WASHINGTON (dpa-AFX) - After showing a lack of direction early in the session, treasuries moved higher over the course of the trading day on Wednesday.
Bond prices bounced back and forth across the unchanged in early trading before climbing more firmly into positive territory.
Subsequently, the yield on the benchmark ten-year note, which moves opposite of its price, fell 4.7 basis points to 4.289 percent.
With the decrease, the ten-year yield extended its losing streak to five sessions, falling to its lowest closing level in over two months.
The extended advance by treasuries came as a report from payroll processor ADP showing private sector job growth in the U.S. slowed by more than expected in the month of May added to optimism about the outlook for interest rates.

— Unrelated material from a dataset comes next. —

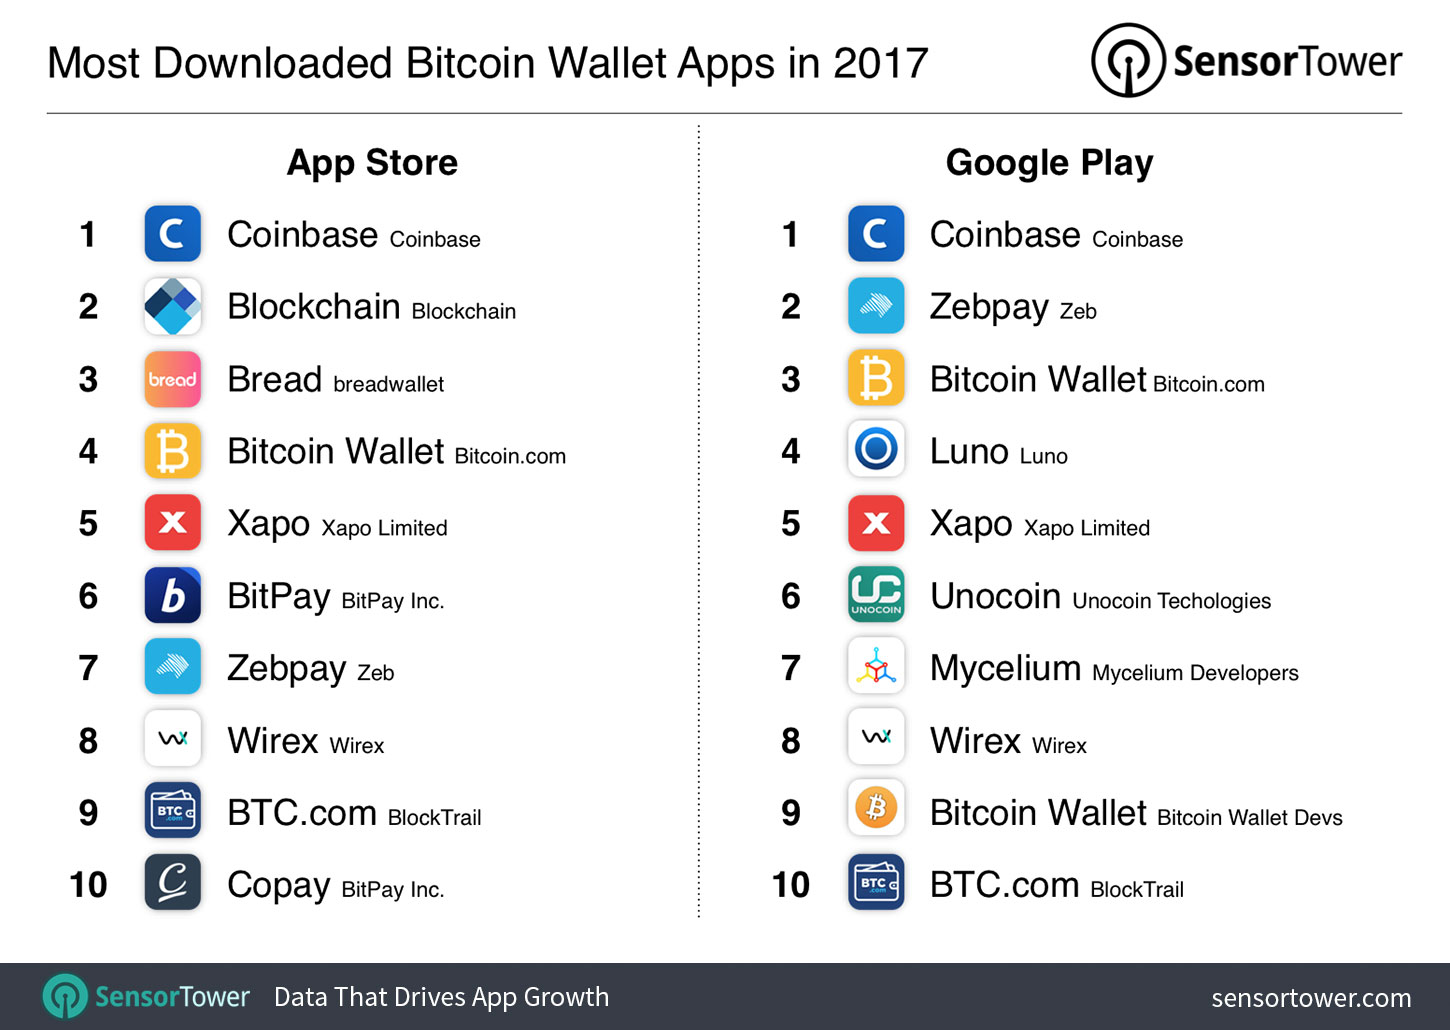 Top 10 bitcoin wallet apps by 2017 downloads to date

ADP said private sector employment climbed by 152,000 jobs in May after jumping by a downwardly revised 188,000 jobs in April.
Economists had expected private sector employment to increase by 173,000 jobs compared to the addition of 192,000 jobs originally reported for the previous month.
Meanwhile, bond traders largely shrugged off a separate report from the Institute for Supply Management showing service sector activity returned to growth in the month of May after contracting in April for the first time since December 2022
The ISM said its services PMI jumped to 53.8 in May from 49.4 in April, with a reading above 50 indicating growth in the sector. Economists had expected the index to inch up to 50.8.
With the much bigger than expected increase, the services PMI reached its highest level since hitting 54.1 in August 2023.
Trading on Thursday may be impacted by reaction to reports on weekly jobless claims and the U.S. trade deficit, although traders are likely to be reluctant to make significant moves ahead of the release of the more closely watched monthly jobs report on Friday.